▸ **Given data**:
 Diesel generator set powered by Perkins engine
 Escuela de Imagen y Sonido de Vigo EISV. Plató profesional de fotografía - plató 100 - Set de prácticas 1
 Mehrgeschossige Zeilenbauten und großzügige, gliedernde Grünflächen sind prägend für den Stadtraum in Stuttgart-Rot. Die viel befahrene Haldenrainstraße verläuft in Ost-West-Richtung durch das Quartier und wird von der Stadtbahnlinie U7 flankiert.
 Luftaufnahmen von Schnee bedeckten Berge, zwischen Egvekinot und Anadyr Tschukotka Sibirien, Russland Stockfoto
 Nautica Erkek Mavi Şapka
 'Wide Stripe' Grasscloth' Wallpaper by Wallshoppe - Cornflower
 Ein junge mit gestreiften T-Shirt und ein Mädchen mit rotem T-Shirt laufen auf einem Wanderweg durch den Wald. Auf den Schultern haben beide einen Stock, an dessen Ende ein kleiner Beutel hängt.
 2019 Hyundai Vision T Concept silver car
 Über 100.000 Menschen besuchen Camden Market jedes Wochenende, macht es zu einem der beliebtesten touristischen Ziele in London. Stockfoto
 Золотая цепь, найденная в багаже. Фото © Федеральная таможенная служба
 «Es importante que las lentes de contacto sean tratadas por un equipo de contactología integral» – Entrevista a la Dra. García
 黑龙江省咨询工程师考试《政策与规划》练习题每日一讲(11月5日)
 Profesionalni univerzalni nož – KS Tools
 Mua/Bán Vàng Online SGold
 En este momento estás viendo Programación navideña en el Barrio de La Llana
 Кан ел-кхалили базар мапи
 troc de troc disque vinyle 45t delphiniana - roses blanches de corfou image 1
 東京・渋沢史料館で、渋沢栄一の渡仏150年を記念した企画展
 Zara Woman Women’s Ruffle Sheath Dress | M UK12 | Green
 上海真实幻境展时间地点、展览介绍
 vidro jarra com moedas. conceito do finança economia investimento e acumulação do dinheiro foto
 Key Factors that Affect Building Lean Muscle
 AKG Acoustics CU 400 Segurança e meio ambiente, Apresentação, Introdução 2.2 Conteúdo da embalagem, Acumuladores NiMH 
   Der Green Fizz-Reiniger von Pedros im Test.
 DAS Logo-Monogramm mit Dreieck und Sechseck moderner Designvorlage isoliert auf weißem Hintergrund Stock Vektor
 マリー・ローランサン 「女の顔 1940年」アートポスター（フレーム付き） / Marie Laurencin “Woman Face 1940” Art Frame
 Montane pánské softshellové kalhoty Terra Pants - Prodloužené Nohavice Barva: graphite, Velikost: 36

▸ **Instructions for the task**: Find "En este momento" in the records above. Repeat its line and every later line exactly, through the last one.

▸ **Result**:
 En este momento estás viendo Programación navideña en el Barrio de La Llana
 Кан ел-кхалили базар мапи
 troc de troc disque vinyle 45t delphiniana - roses blanches de corfou image 1
 東京・渋沢史料館で、渋沢栄一の渡仏150年を記念した企画展
 Zara Woman Women’s Ruffle Sheath Dress | M UK12 | Green
 上海真实幻境展时间地点、展览介绍
 vidro jarra com moedas. conceito do finança economia investimento e acumulação do dinheiro foto
 Key Factors that Affect Building Lean Muscle
 AKG Acoustics CU 400 Segurança e meio ambiente, Apresentação, Introdução 2.2 Conteúdo da embalagem, Acumuladores NiMH 
   Der Green Fizz-Reiniger von Pedros im Test.
 DAS Logo-Monogramm mit Dreieck und Sechseck moderner Designvorlage isoliert auf weißem Hintergrund Stock Vektor
 マリー・ローランサン 「女の顔 1940年」アートポスター（フレーム付き） / Marie Laurencin “Woman Face 1940” Art Frame
 Montane pánské softshellové kalhoty Terra Pants - Prodloužené Nohavice Barva: graphite, Velikost: 36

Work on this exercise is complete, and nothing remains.